[Recorded information]:

»»

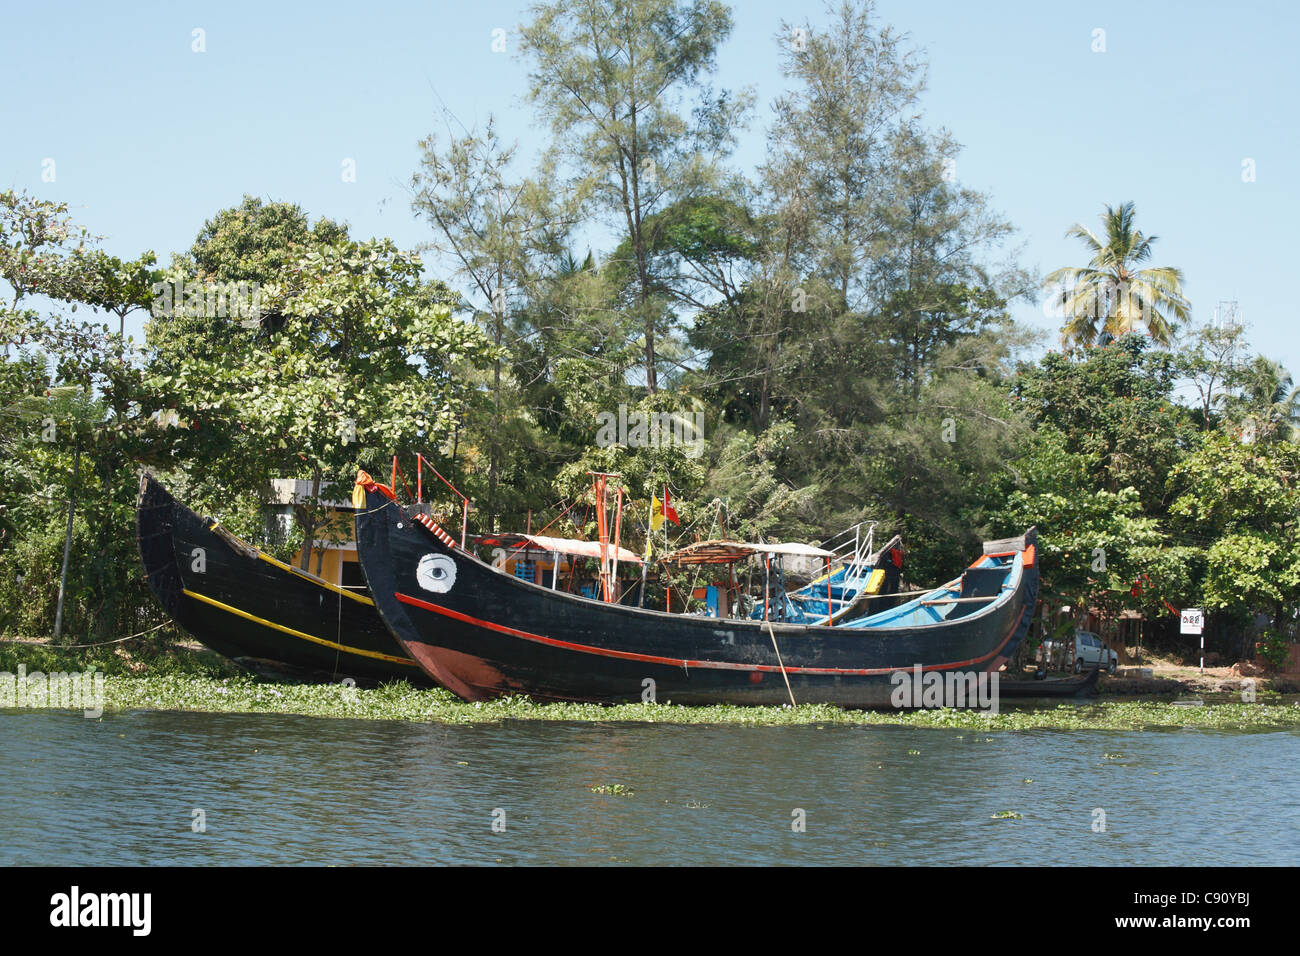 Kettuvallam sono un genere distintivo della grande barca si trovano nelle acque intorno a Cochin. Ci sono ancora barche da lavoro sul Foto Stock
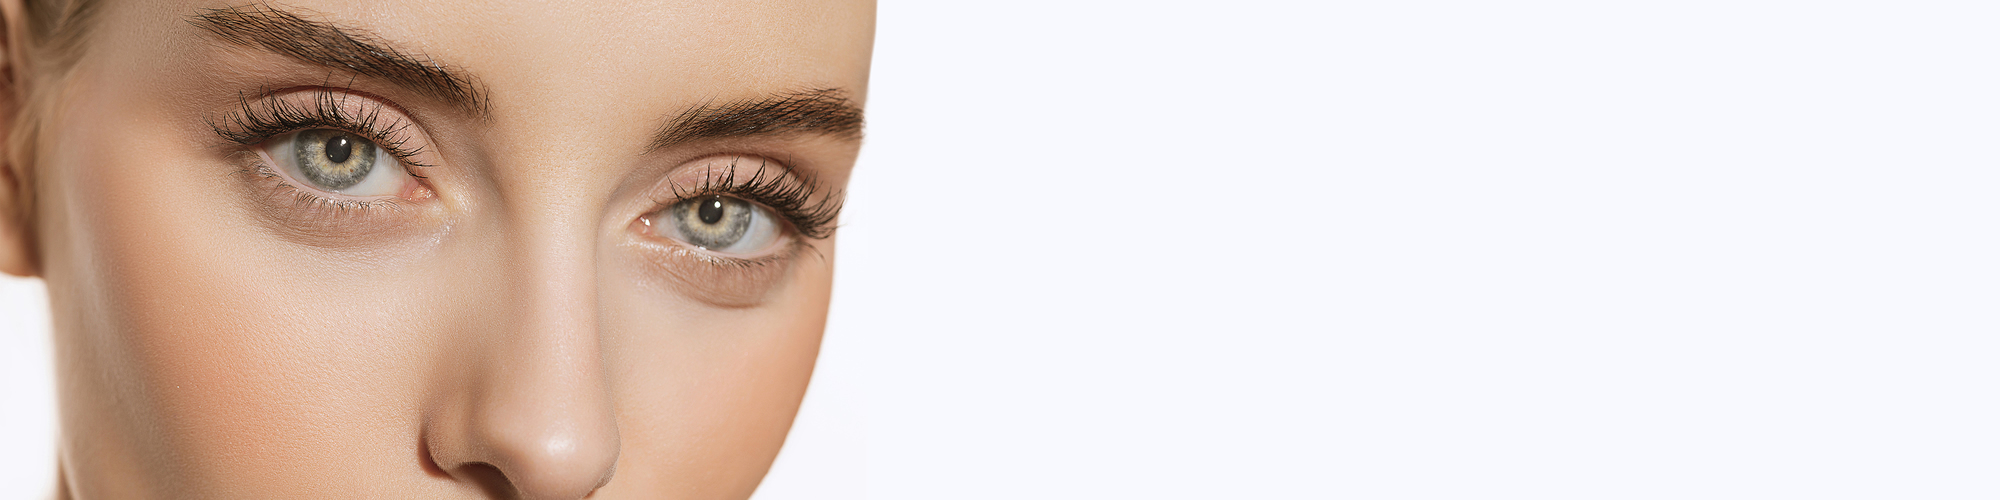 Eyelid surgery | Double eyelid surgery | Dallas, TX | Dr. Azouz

««
»»

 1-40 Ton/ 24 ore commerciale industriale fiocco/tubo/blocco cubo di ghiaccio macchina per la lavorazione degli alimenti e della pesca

««
»»

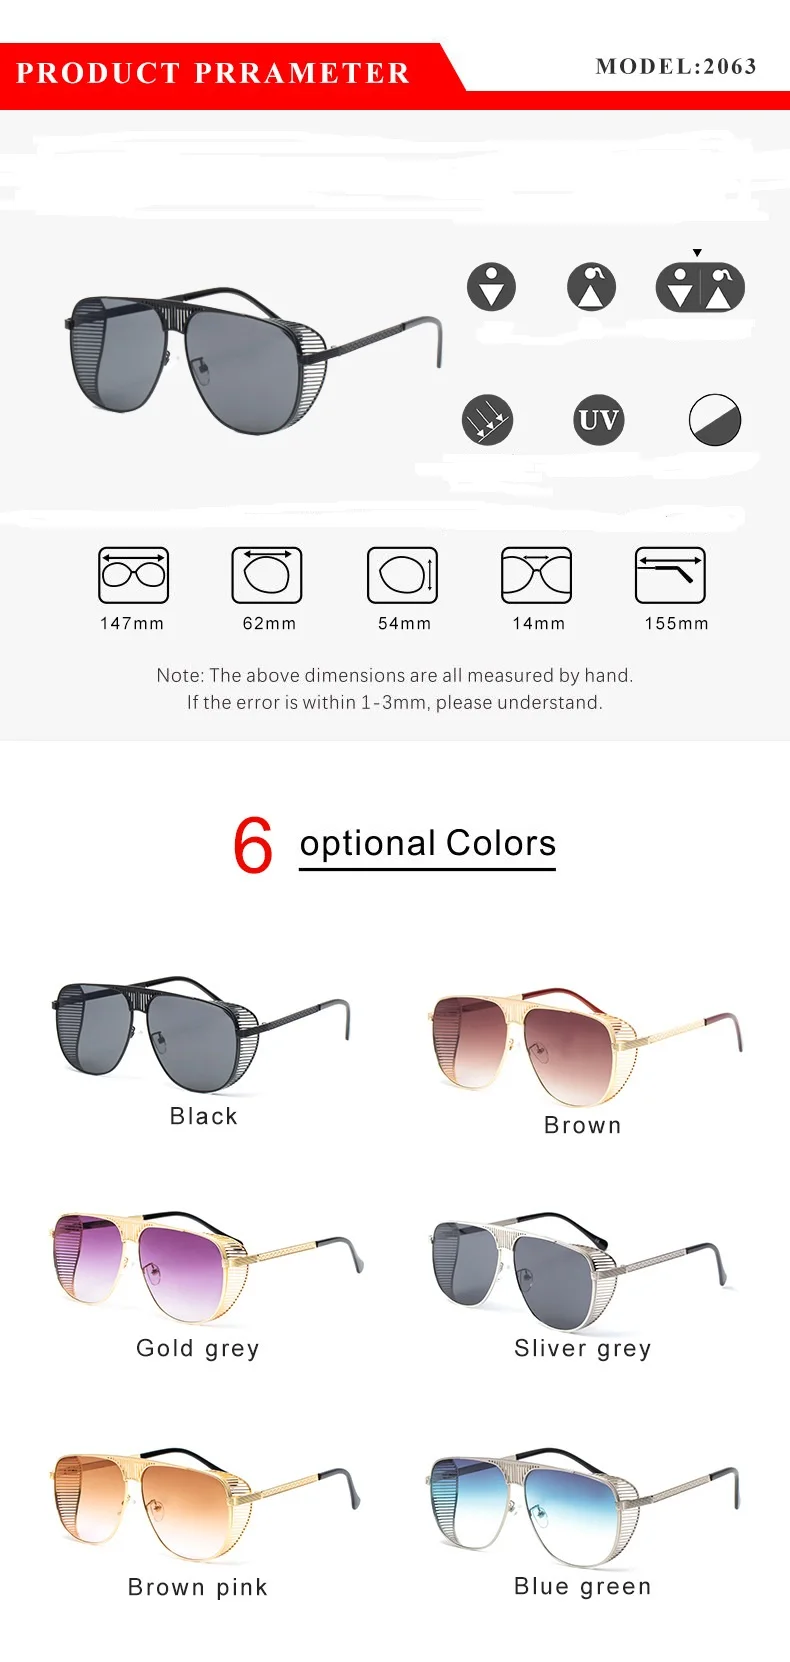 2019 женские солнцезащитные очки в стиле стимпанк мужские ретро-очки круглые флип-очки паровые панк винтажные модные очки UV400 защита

««

[Task directions]:
Among the entries above, copy exactly the stretch from the line holding "Kettuvallam sono un" through the line holding "Eyelid surgery | Double", leaving out any pictures.

[Output of the exercise]:
 Kettuvallam sono un genere distintivo della grande barca si trovano nelle acque intorno a Cochin. Ci sono ancora barche da lavoro sul Foto Stock
 Eyelid surgery | Double eyelid surgery | Dallas, TX | Dr. Azouz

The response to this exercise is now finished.